For those who aren't willing to put their bodies through a battery of brutal treatments to have a baby, societal acceptance can be an even greater hurdle than self-validation.
Sassy, stylish and successful, Cork woman Deirdre Waldron is unapologetically child-free.
And the 44-year-old says it's other people who seem uncomfortable with her life choice.
"It's in our DNA to expect to have children at some time and growing up I never considered that I wouldn't," reveals Deirdre, who runs Fuzion PR with her husband Greg.
'I always thought that by the time I got to 40 it would feel like something was missing if I didn't have kids, but I'm 44 now and have no itch to have a baby.
"Sometimes when I tell people that I don't have any children, they look embarrassed for asking and almost apologise. Often, I feel like I have to give them an explanation so they're not uncomfortable."
By putting parenthood on the backburner, women are narrowing their options, warns counselor Angela O'Mahony of the Cork Fertility Centre.
"There's a saying in fertility: 'Now is your best time'," she says.
"You're only born with so many eggs and they're ageing all the time.

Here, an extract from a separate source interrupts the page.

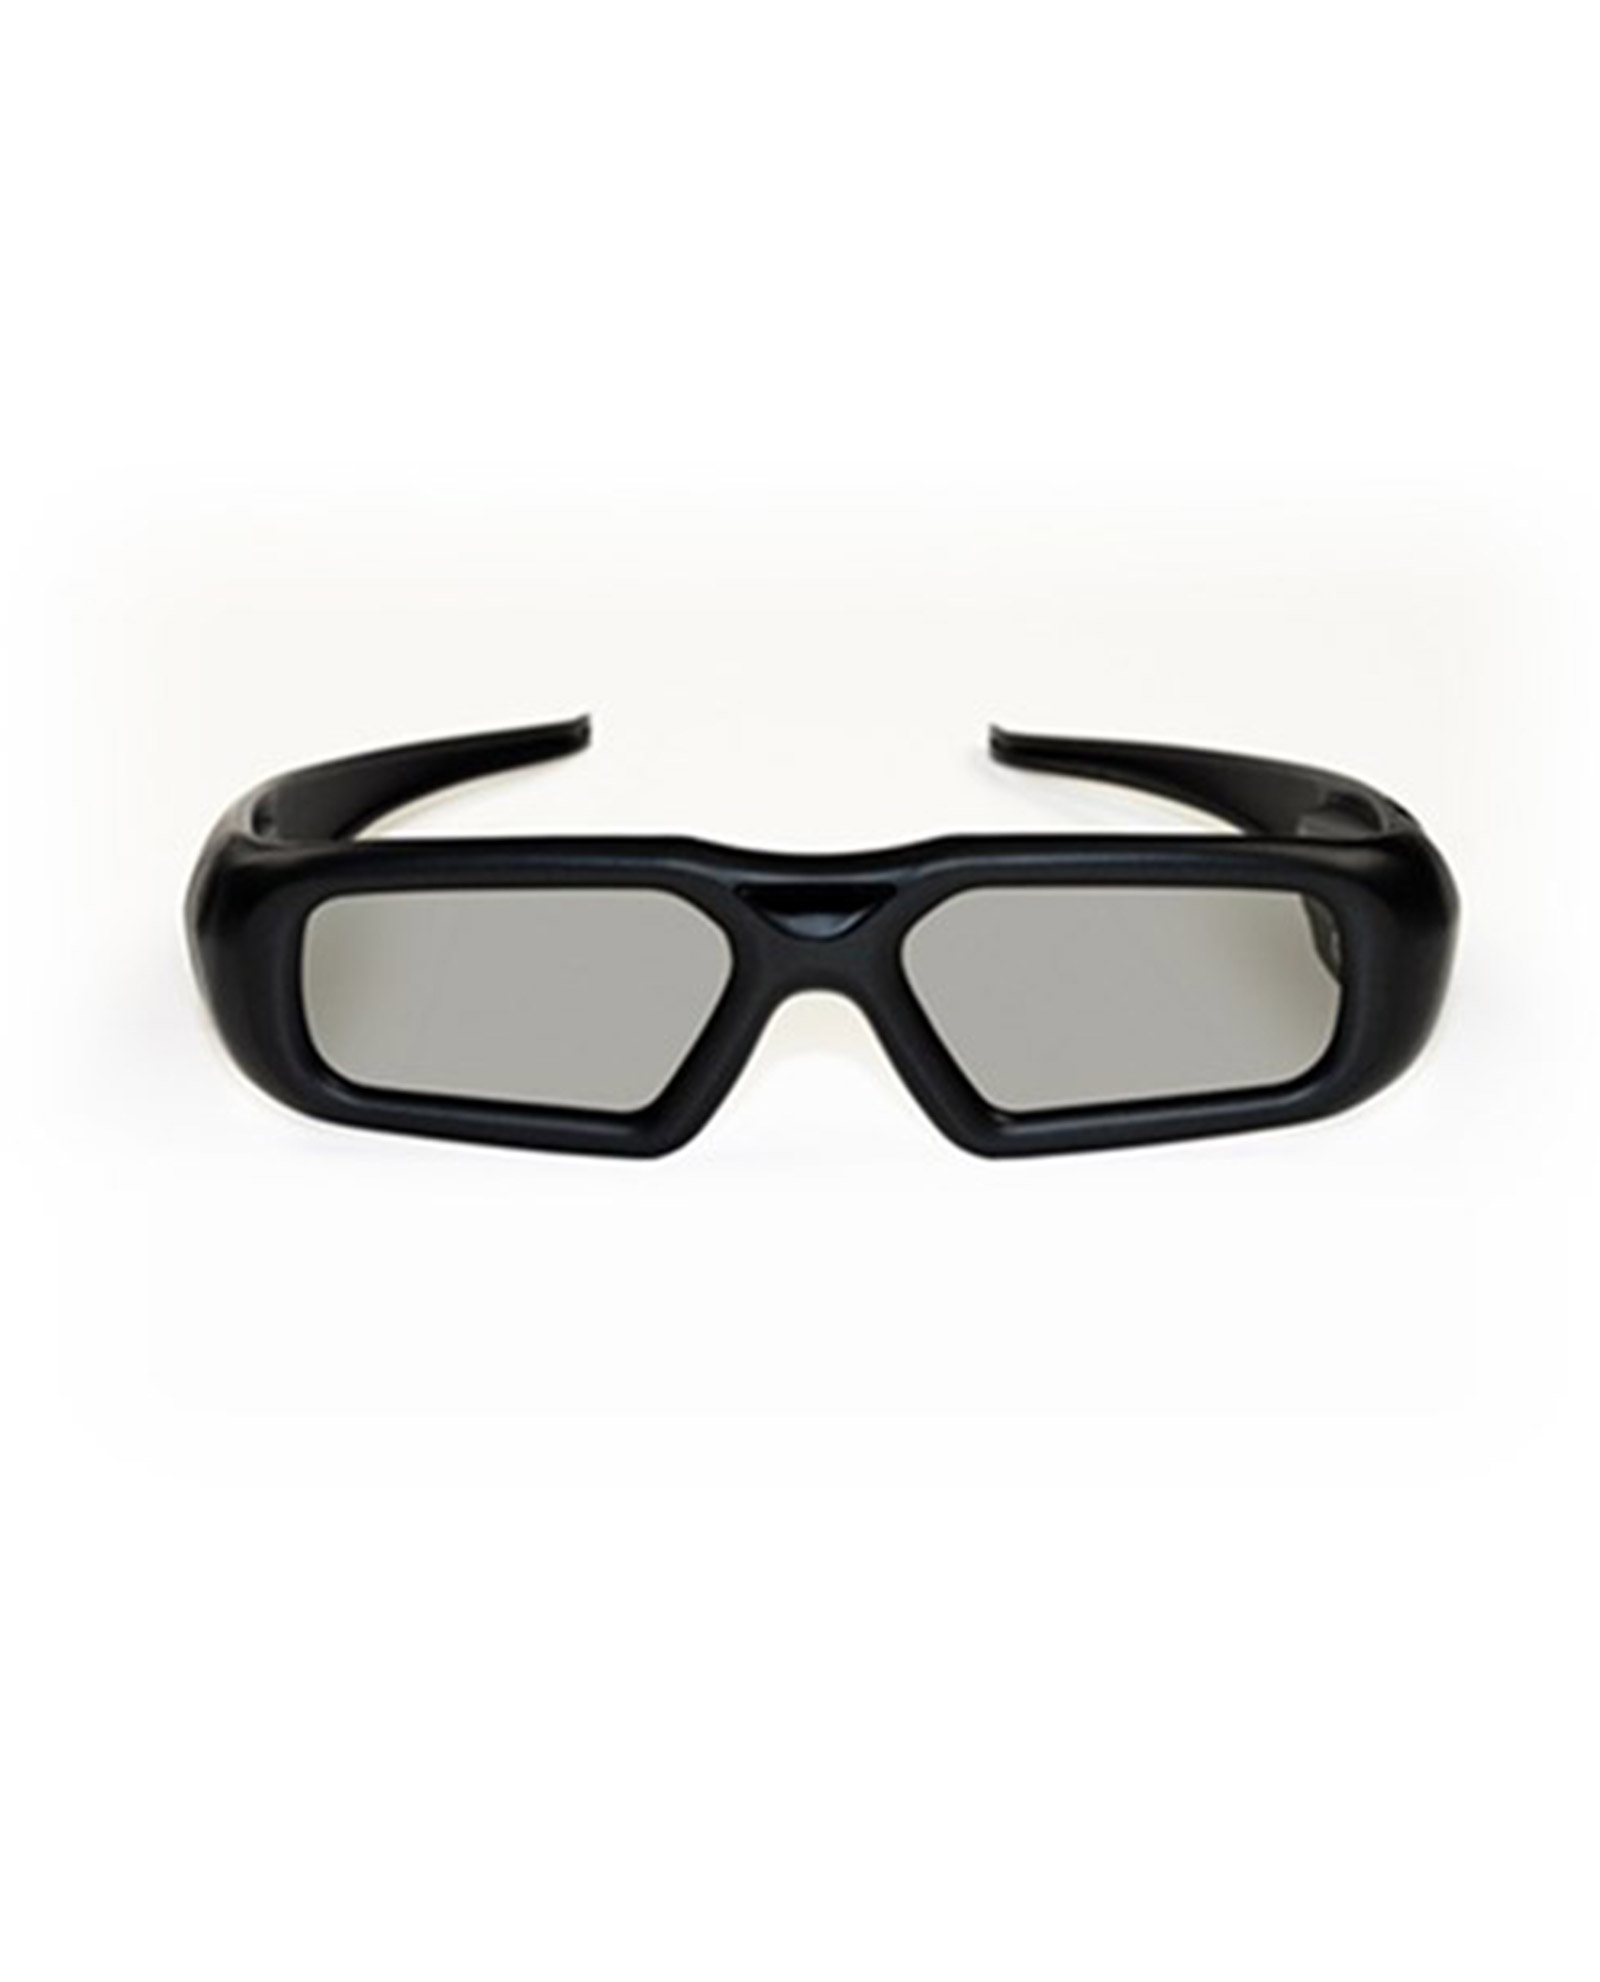 Optoma Zf2300 Glasses

"Generally, when couples come to us they've already decided to try to conceive. Others -- who maybe got married in their late 30s and tried to get pregnant for a couple of years themselves -- had been sitting at home thinking 'We really should do something'. So they can be shocked to discover that by the time they come to us it's straight into IVF -- or that parenthood might not even be possible for them."
Deep down, however, those seeking the assurance of a baby coach may have subconsciously made up their mind about child-free future already.

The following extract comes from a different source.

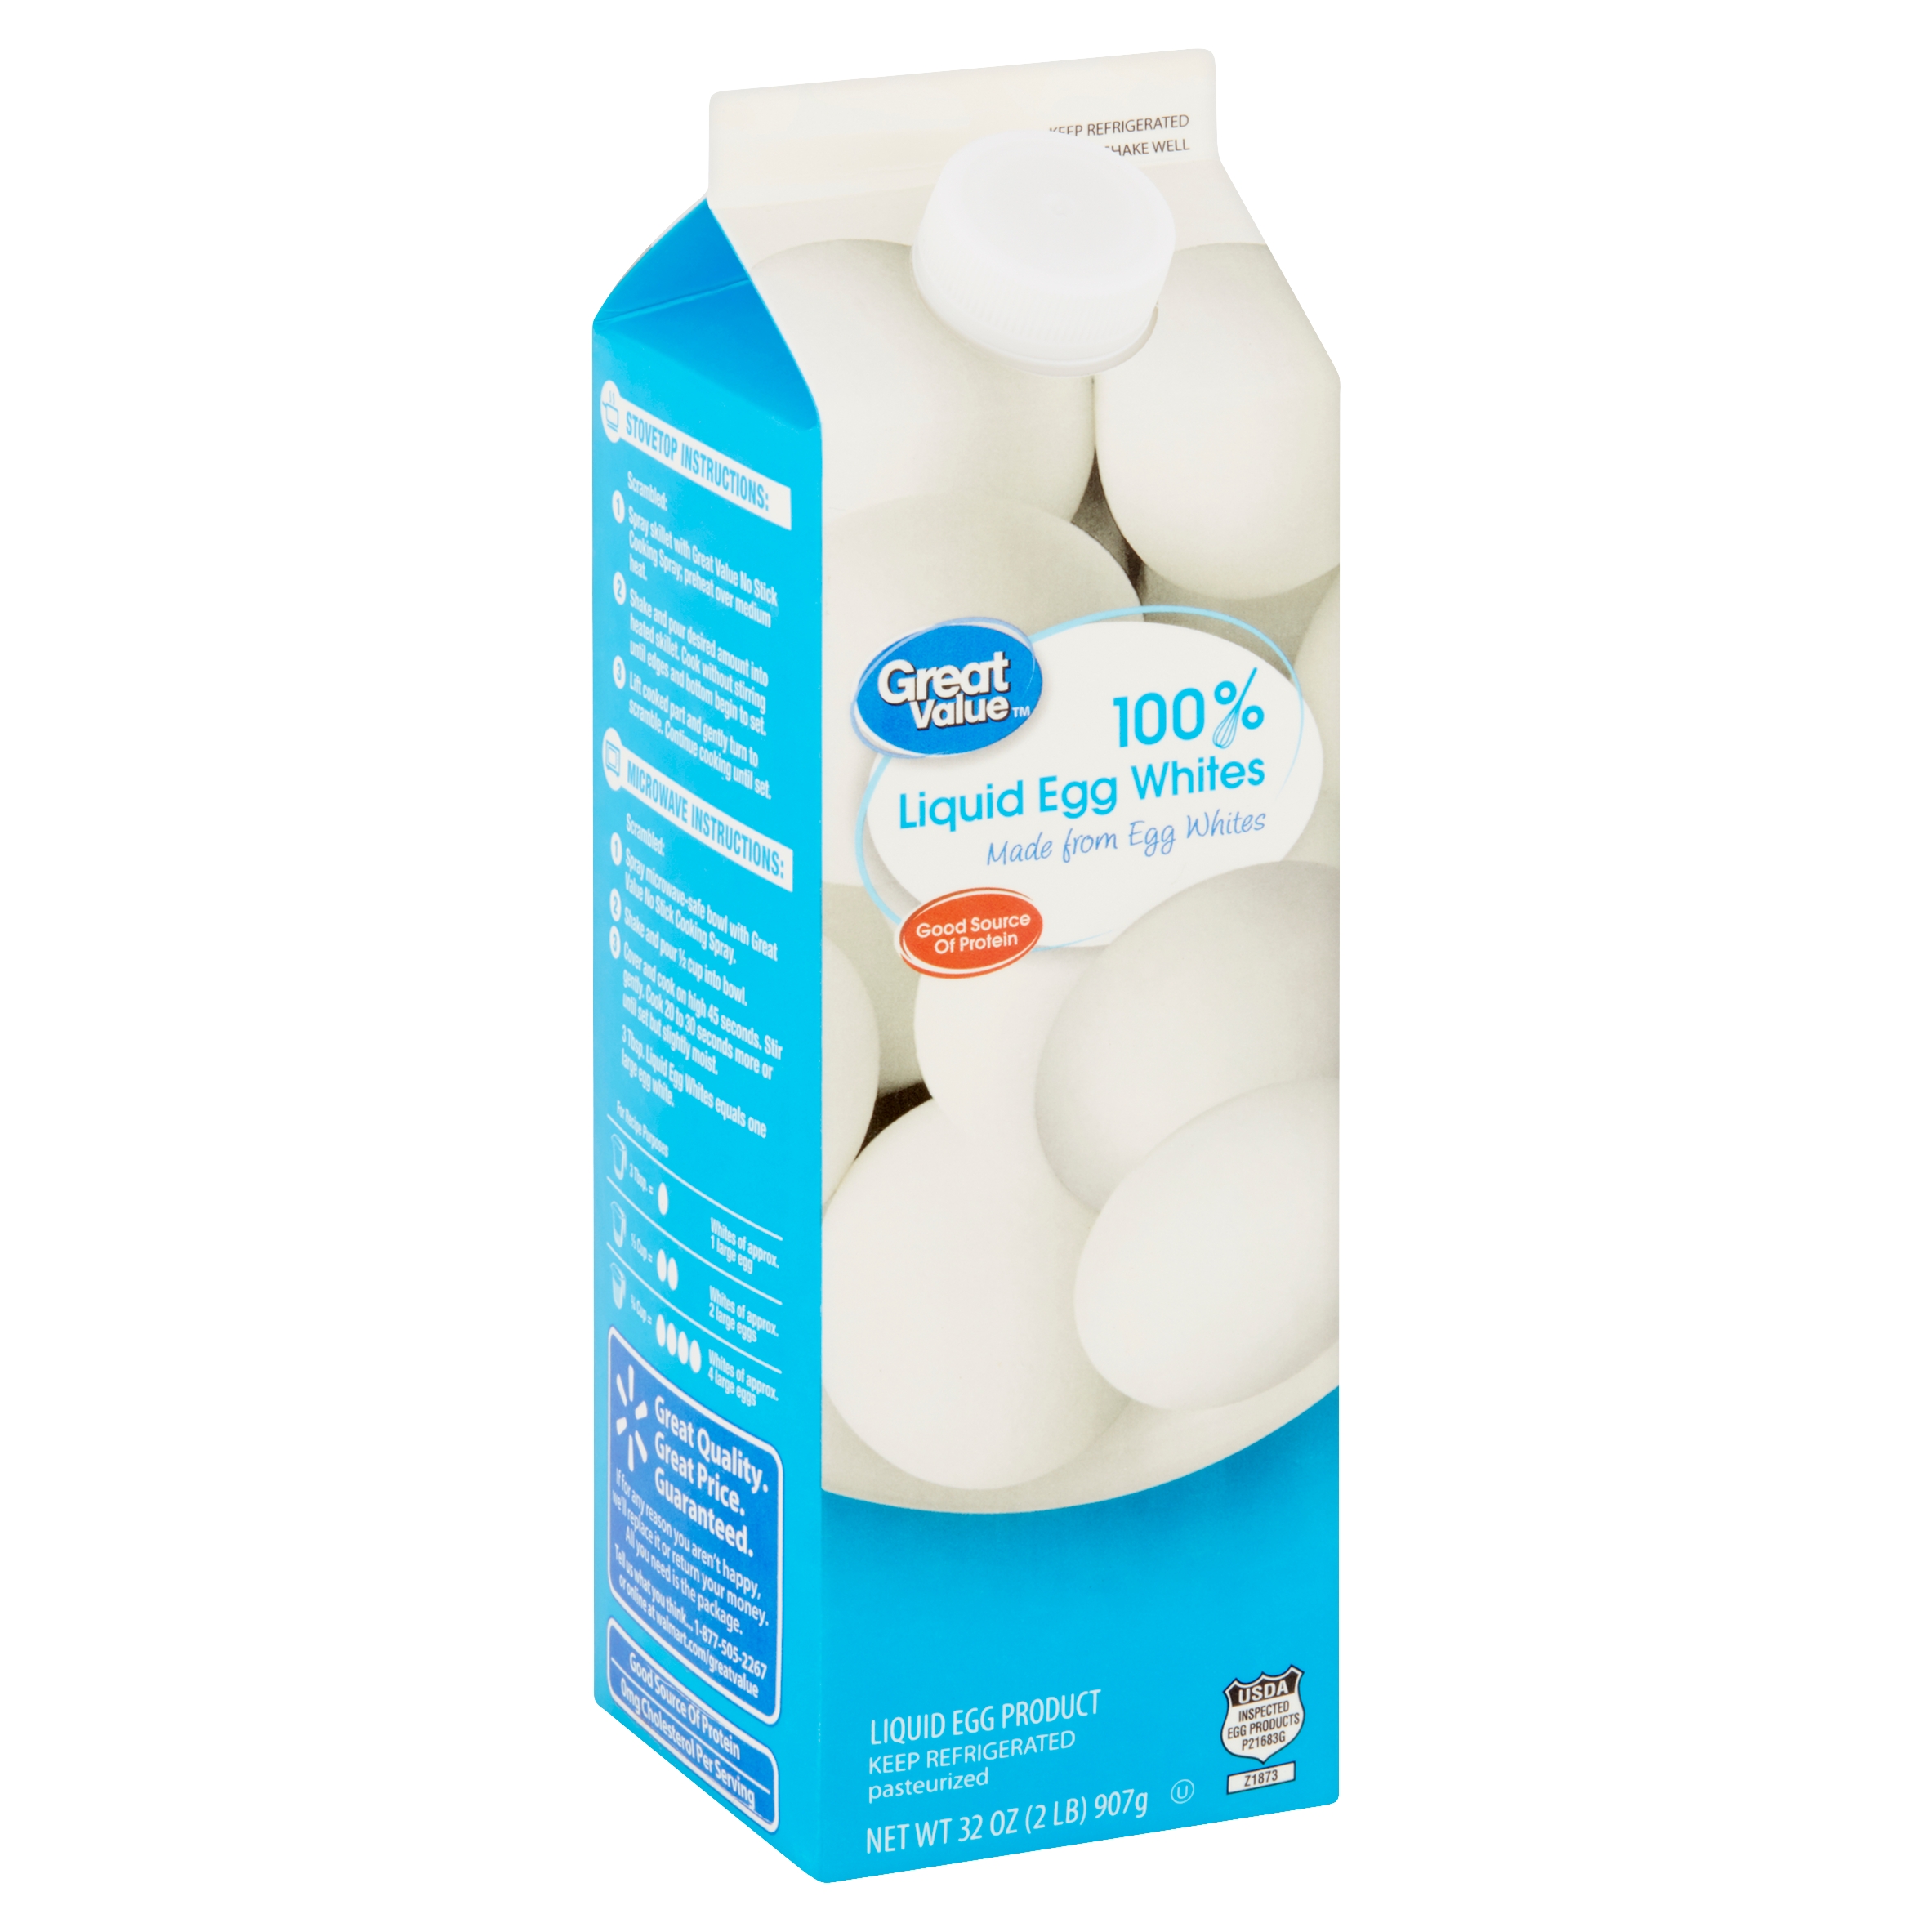 Great Value 100% Liquid Egg Whites, 32 oz - image 3 of 10

"Some couples will say 'We never consciously made a decision not to have a baby -- it just hasn't happened'. But when you sit down and talk with them, often there's a reason why they've arrived at the age of 40 without a baby," explains psychologist Angela.
"It's quite a primitive urge to want a baby -- couples who resist that may subconsciously be making a decision."
"For me it was always 'someday'" agrees Deirdre Waldron of becoming a mum. "So although I never made a conscious decision not to have kids, I'm still not ready."
"I even went as far as getting a check-up to make sure there were no health issues preventing me from getting pregnant. I got a clean bill of health -- it just wasn't meant to be.
"Now the business is my baby. We recently won a big Excellence in PR award and I'm as proud of that as my sister would be when one of her kids graduates college.
"My logic is that I'm very determined and usually get what I want -- so if I really wanted a child, I would have made it happen by now."
And with exception of a passing existential crisis, Deirdre says she has no regrets over missing out on motherhood.
"Recently, I did get a 10-minute freak out about being 'childless'," she confesses. "My mum passed away a few months ago and a few weeks later my siblings and I had to go through all her possessions like photographs, cards and jewellery -- each with their own memories.
"When I got back home, I suddenly felt very upset at the thought that I wouldn't have anyone to clear out my stuff after I'm gone. But then my other half Greg reminded me of all the people in my life who love me like they are family.
"I don't feel that I missed out by not having kids," Deirdre adds. "And I plan to hold on to my jewellery for some time yet!"